The "global protobuf db" had comments all over it saying it's not intended for production-critical tasks, and it had a lot of caveats and gotchas even aside from being built by Jeff's desktop, but it was so convenient that people naturally ended up using it anyway.
There was a variant of this that occurred later. By that time there might not have been a dependency on Jeff's workstation anymore, but the DB, or at least one of its replicas, was getting copied to... /gfs/cg/home/sanjay/ — I don't believe it was Jeff this time. At some point, there was a very long PCR in the Oregon datacenter, perhaps even the same one that happened a few weeks after the 2011 Fukushima disaster. With the CG cluster powered off for multiple days, a bunch of stuff broke, but in this case the issue might have been solved by dumping the data and/or reading it from elsewhere.
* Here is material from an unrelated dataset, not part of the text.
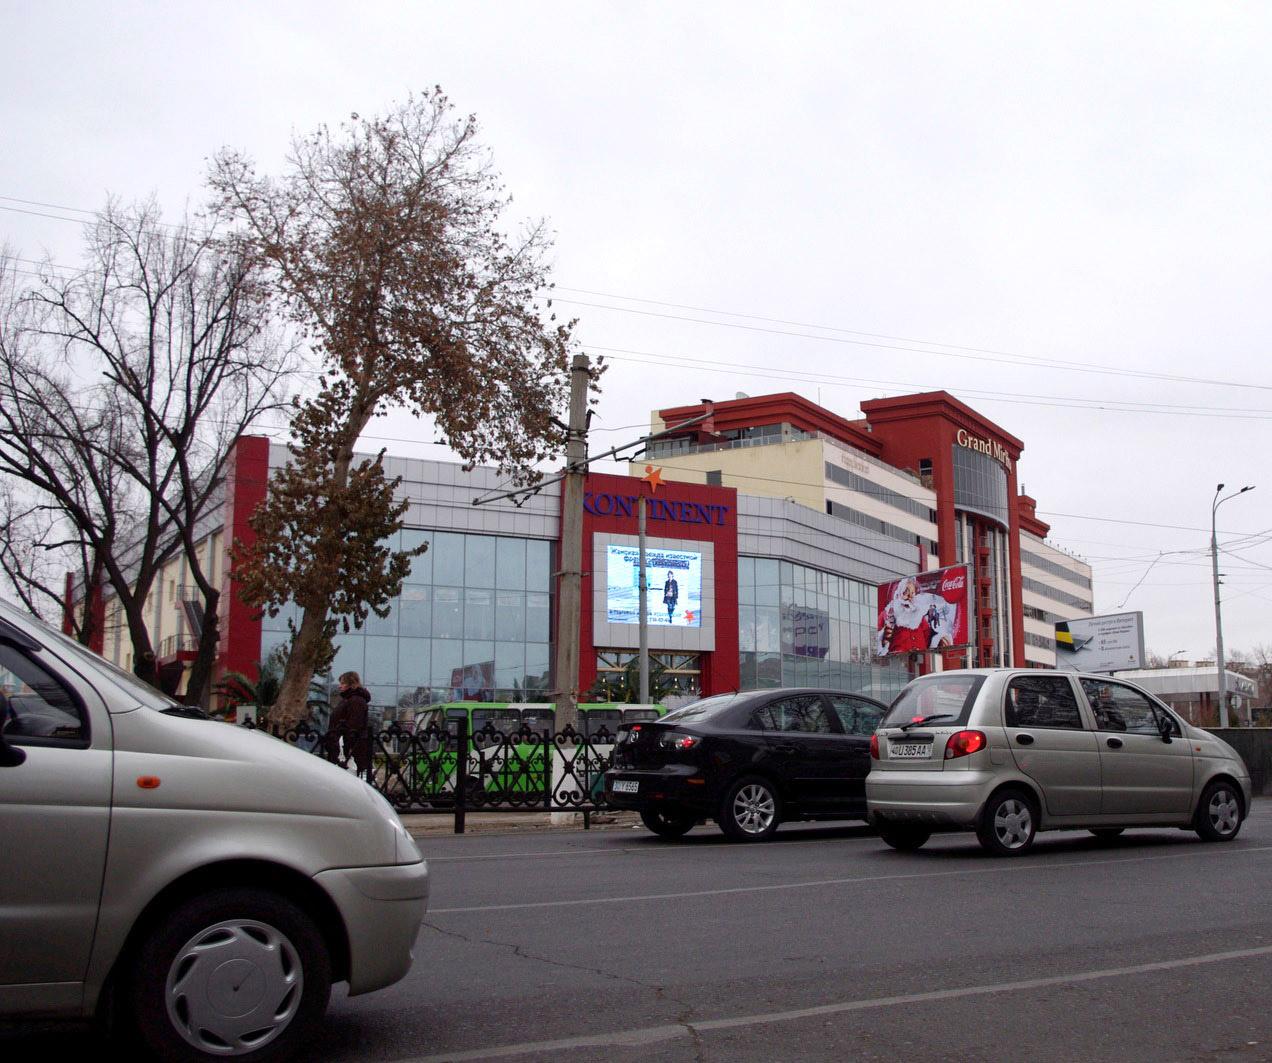 http://www.tourblogger.ru/sites/default/files/u29097/_igp1316.jpg

In 2010, due to the China hacking thing, Google locked down its network a lot.
At least one production service went down because it relied on a job running on Jeff Dean's personal computer that no longer had access. Unfortunately I forget what job it was.
The other thing that ran under Jeff's desk for a long time was Code Search, the old one.
I remember this. He went on vacation and since he wasn't available to login, code search indexing went down for a bit.